• RAW DATA

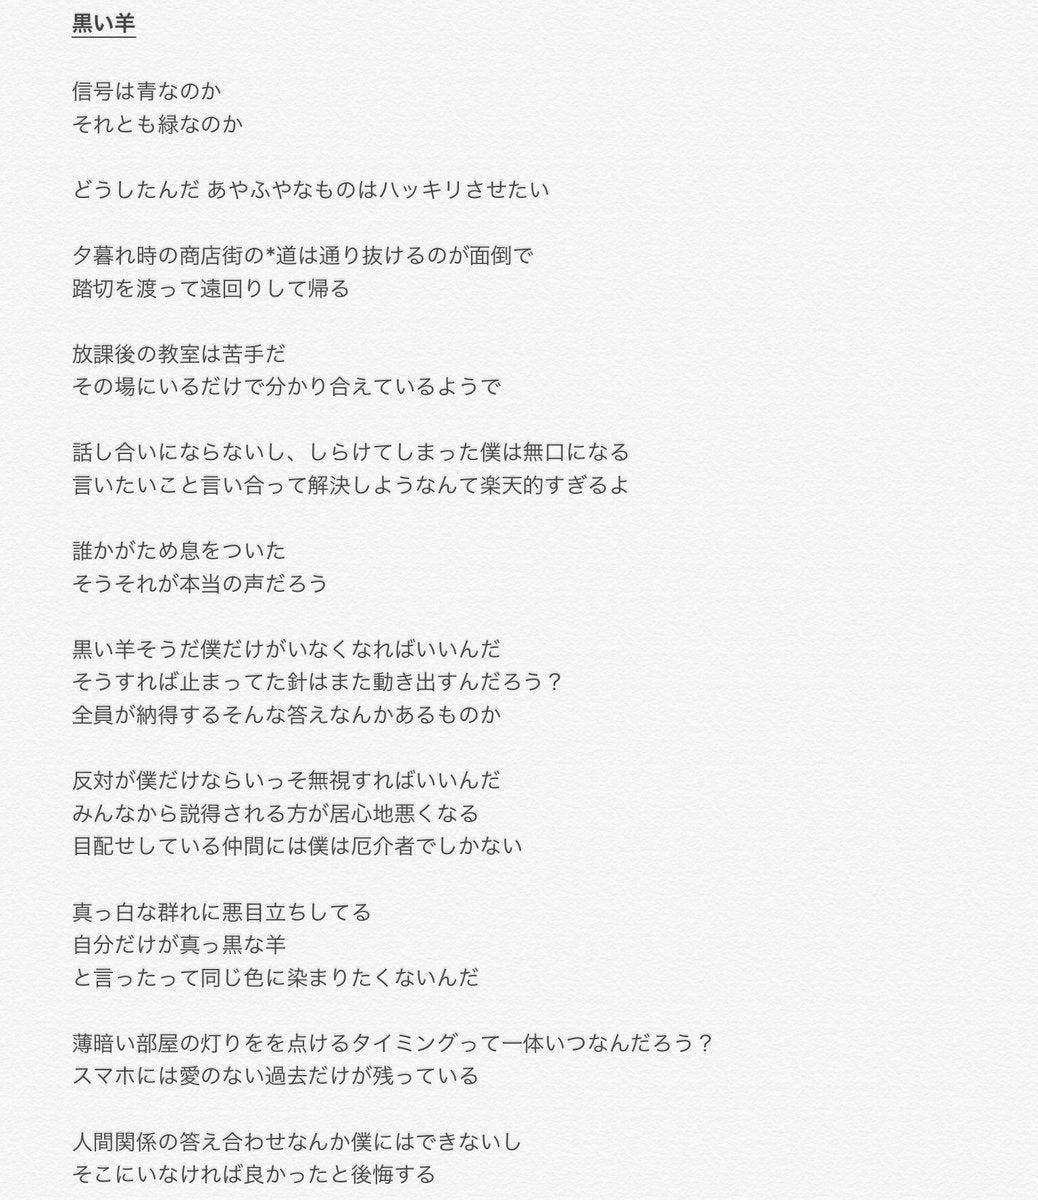 欅坂46黒い羊歌詞
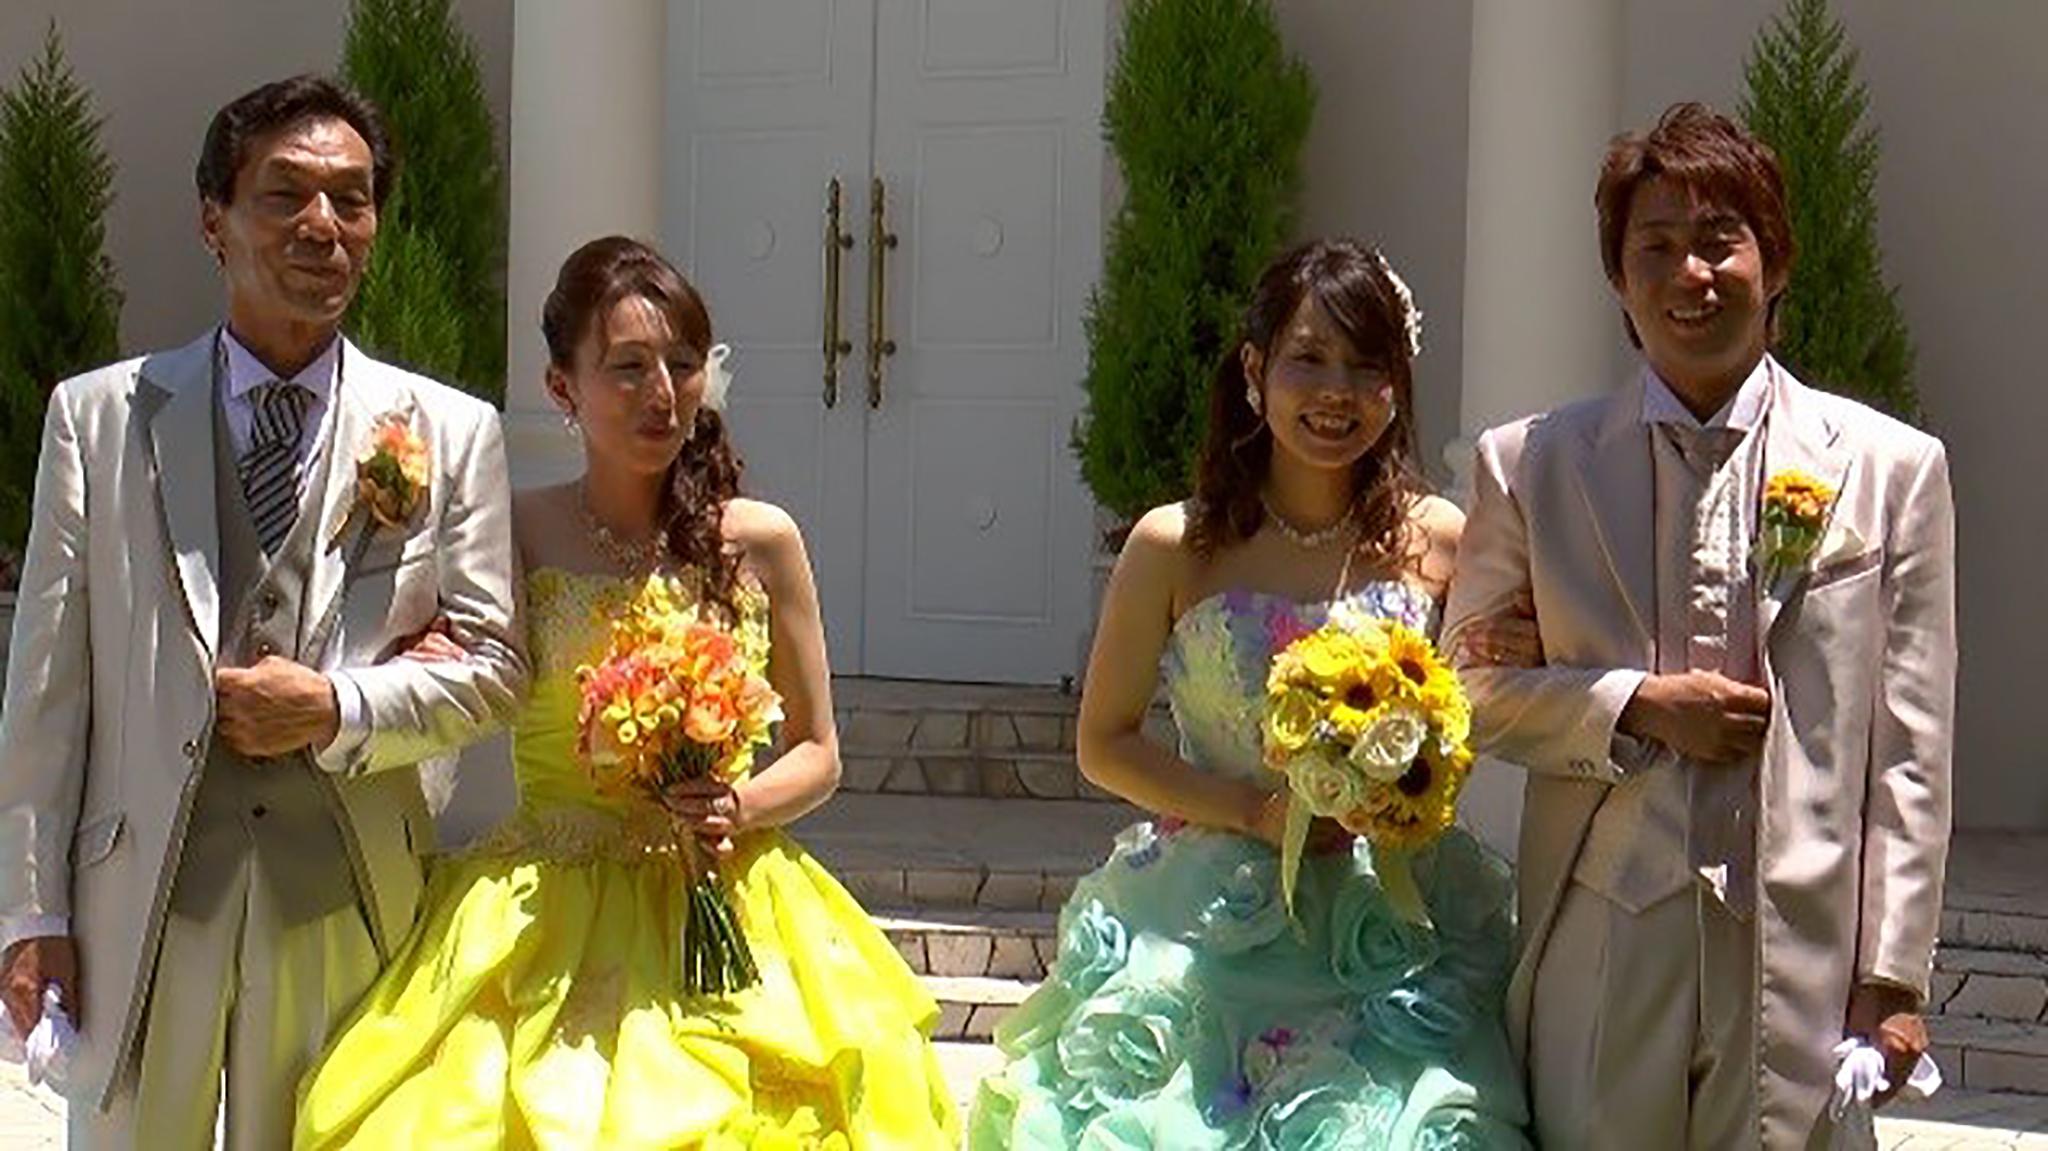 新郎が結婚式で叶えたかった願い~両親へ贈るサプライズ!~
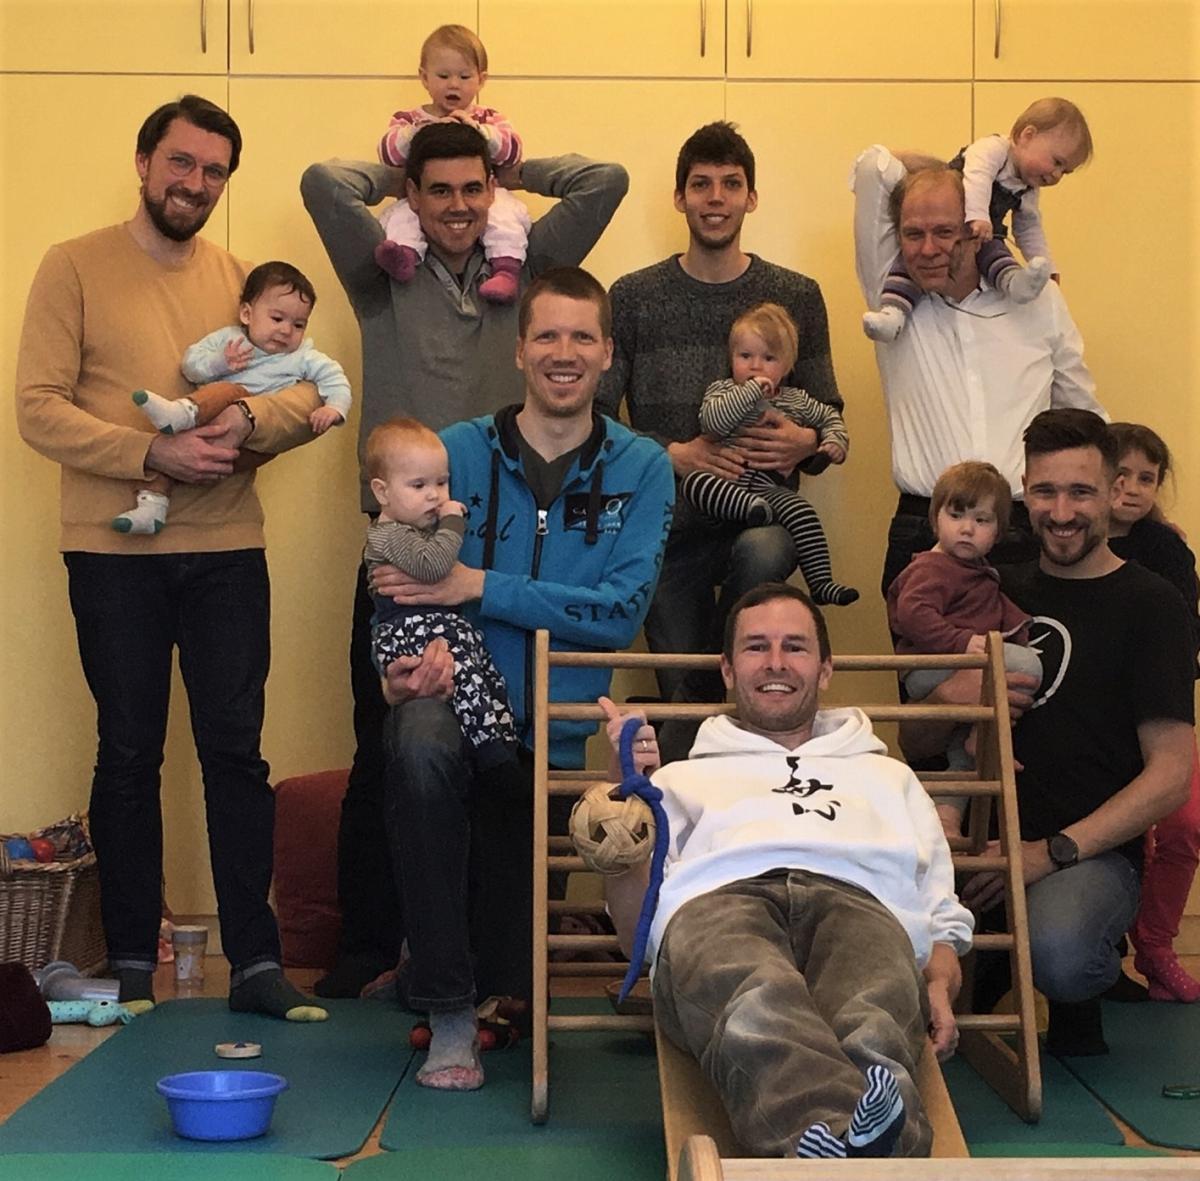 Vater, Vater sein, Vater-Kind-Kurs, Vater Bindung, Vater-Tochter, Vater-Sohn, Entwicklung

• WHAT IS BEING ASKED
Without the pictures, write out the whole listing exactly as it appears.

• TASK ANSWER
 欅坂46黒い羊歌詞
 新郎が結婚式で叶えたかった願い~両親へ贈るサプライズ!~
 Vater, Vater sein, Vater-Kind-Kurs, Vater Bindung, Vater-Tochter, Vater-Sohn, Entwicklung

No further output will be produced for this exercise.